I use it on my C2C and D2 Crono. No need for a speed sensor. I wish I could tell ya how well the Cadence sensor worked, but mine is in the power meter crank.


----------



## bottecchia_eja (Jul 18, 2010)

Kodi Crescent said:


> I'm seriously considering that one. Do you have an Infinito, and do you have it mounted? The chainstays are shaped a bit oddly.
> 
> Maybe Bottechia_eja can add one first and upload pictures?!:smilewinkgrin:


I have the Garmin 500. As someone already mentioned, it can do as much, or as little, as you want it to do. PLus I can use it on 2 other bikes.

The "oddly" shaped seststay caused a bit of a problem with the speed and cadence sensors. But I found a way to make it work that looks pretty good (I think). 

Things may change when I get my Campy Record gruppo installed. 

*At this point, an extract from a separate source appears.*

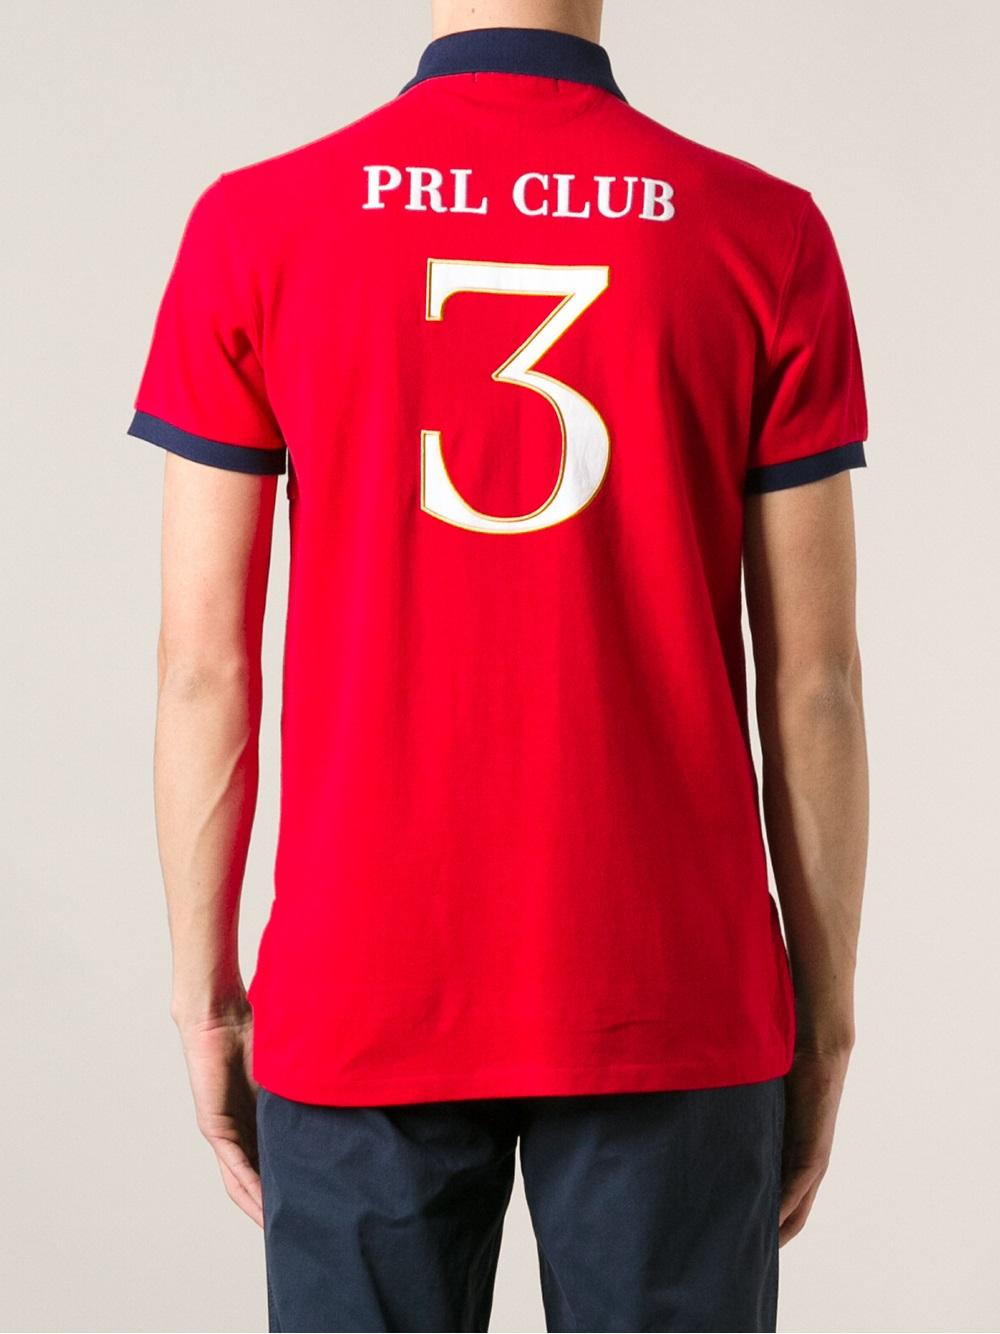 Lyst polo ralph lauren prl club polo shirt in red for men for Ralph lauren polo club shirts

I will post pics later tonight.


----------



## jpdigital (Dec 1, 2006)

Another Garmin Edge 500 user on my Infinito. I have a blue Infinito with the white & blue Garmin. I'll try to post a picture in the next day or two...


----------



## bottecchia_eja (Jul 18, 2010)

jpdigital said:


> Another Garmin Edge 500 user on my Infinito. I have a blue Infinito with the white & blue Garmin. I'll try to post a picture in the next day or two...

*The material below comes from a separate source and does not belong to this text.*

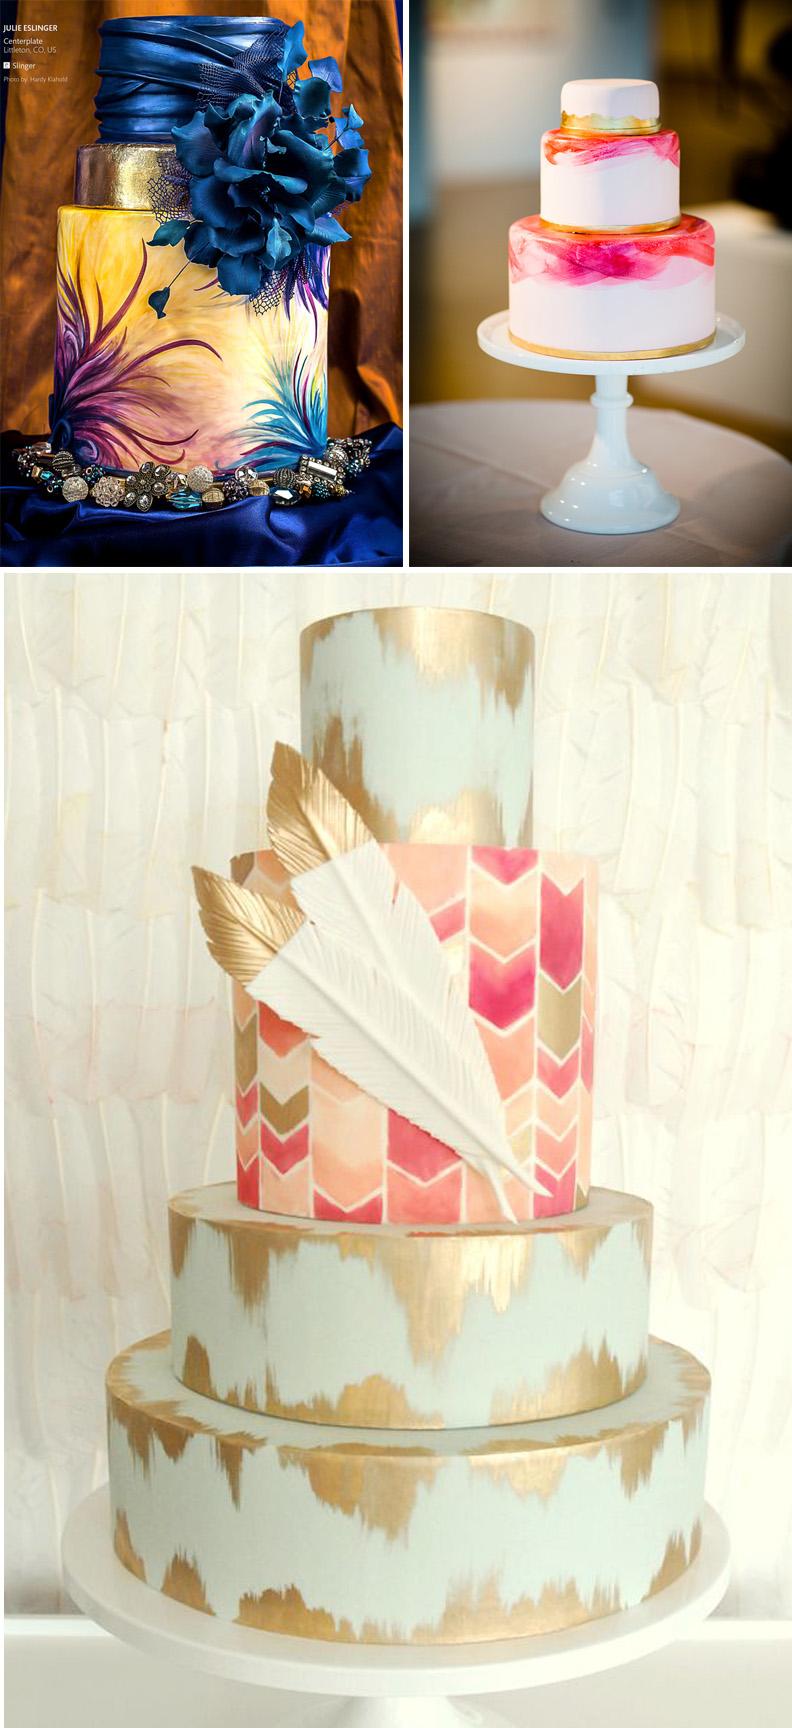 Image Credits: Jullie Eslinger, Whipped Bake Shop, The Cake Blog

Dang it, they don't make one in Celeste Green...that is one serious omission. :cryin:


----------



## adjtogo (Nov 18, 2006)

++++++1 on the Garmin Edge 500. I love it!! I had a Cateye Strada Double Wireless before I bought the 500. The Garmin GPS is much more than I expected. I bought it out of necessity after I had a stent put in my LAD artery in May. I was ordered to wear a HRM when cycling by my cardiologist. When I get to 165 BPM, I know I've topped out and need to back it down a bit. I an go as high as 175, but my alarm is set at 165 so I don't bonk out. All I can say is, I don't know what I did without it!!! There's so many different measurements it takes that you can download and analyze on your compter afterwards. It's very helpful!!


----------



## kbwh (May 28, 2010)

*Sigma BC 1909*

The shapely shape of the Infinito Chain stay makes the mounting of the cadence sensor a bit weird, but it stays put.


----------



## Kodi Crescent (Aug 3, 2011)

bottecchia_eja said:


> Dang it, they don't make one in Celeste Green...that is one serious omission. :cryin:


Spray paint?


----------



## BrentWayne (Apr 23, 2011)

*another Garmin user*

Another voter for the Garmin 500. 6 months and working flawless to date. Getting another one for my wife's bike next week. Gray/Neutral Color looks great on Infinito Celeste. I use HR monitor and ride tracking functions. Can't bring myself to strap the Cadence sensor on bike frame yet given its size. Soon maybe.


----------



## bottecchia_eja (Jul 18, 2010)

Here are pics of my Garmin 500 setup on the Bianchi Infinito:

Note: I was reminded in an e-mail that what I kept calling seatstays are really chain stays. That's what happens when I write after a long afterwork ride (and an even longer day at work).  Thank you KBWH :thumbsup:

First photo shows the Garmin 500 mounted on the bike’s stem. If only they had the Garmin 500 in Celeste Green!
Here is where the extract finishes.